Running this generates the output "hello world", as you would expect from a singleton. Notice that you declared the constructor method private. That is not a typo; when you make it a private method, you cannot create an instance via new Singleton except inside the scope of the class. If you attempt to instantiate outside the class, you get a fatal error.

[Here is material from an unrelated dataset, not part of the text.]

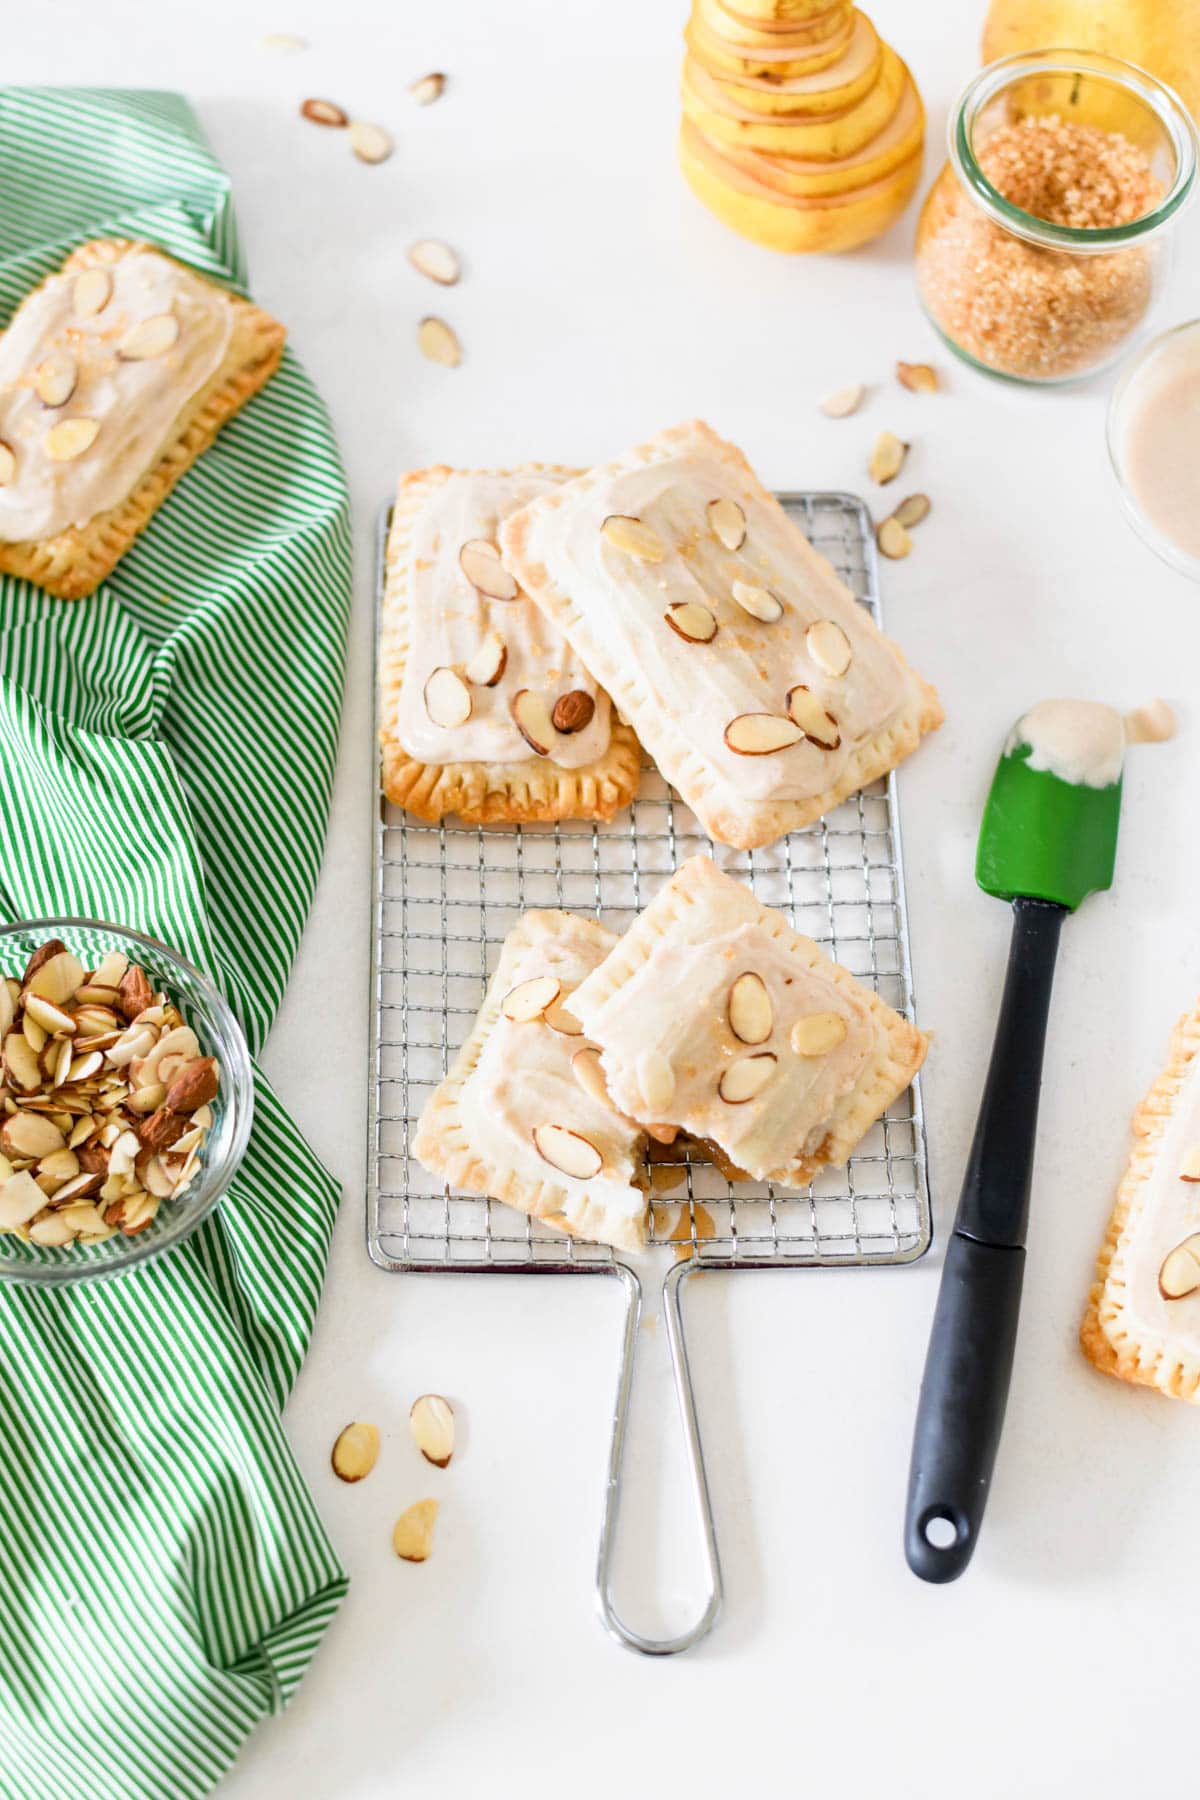 Homemade Spiced Pear Breakfast Pastries

Some people are pathologically opposed to factory methods. To satisfy developers who have such leanings, you can also use the _ _get() and _ _set() operators to create a singleton that is created through a constructor:

class Singleton {
  private static $props = array();

  public function _ _construct() {}
  public function _ _get($name)
  {
    if(array_key_exists($name, self::$props)) {
      return self::$props[$name];
    }
  }
  public function _ _set($name, $value)
  {
    self::$props[$name] = $value;
  }
}

$a = new Singleton;
$b = new Singleton;
$a->property = "hello world";
print $b->property;

In this example, the class stores all its property values in a static array. When a property is accessed for reading or writing, the _ _get and _ _set access handlers look into the static class array instead of inside the object's internal property table.

Personally, I have no aversion to factory methods, so I prefer to use them. Singletons are relatively rare in an application and so having to instantiate them in a special manner (via their factory) reinforces that they are different. Plus, by using the private constructor, you can prevent rogue instantiations of new members of the class.

Chapter 6, "Unit Testing," uses a factory method to create a pseudo-singleton where a class has only one global instance per unique parameter.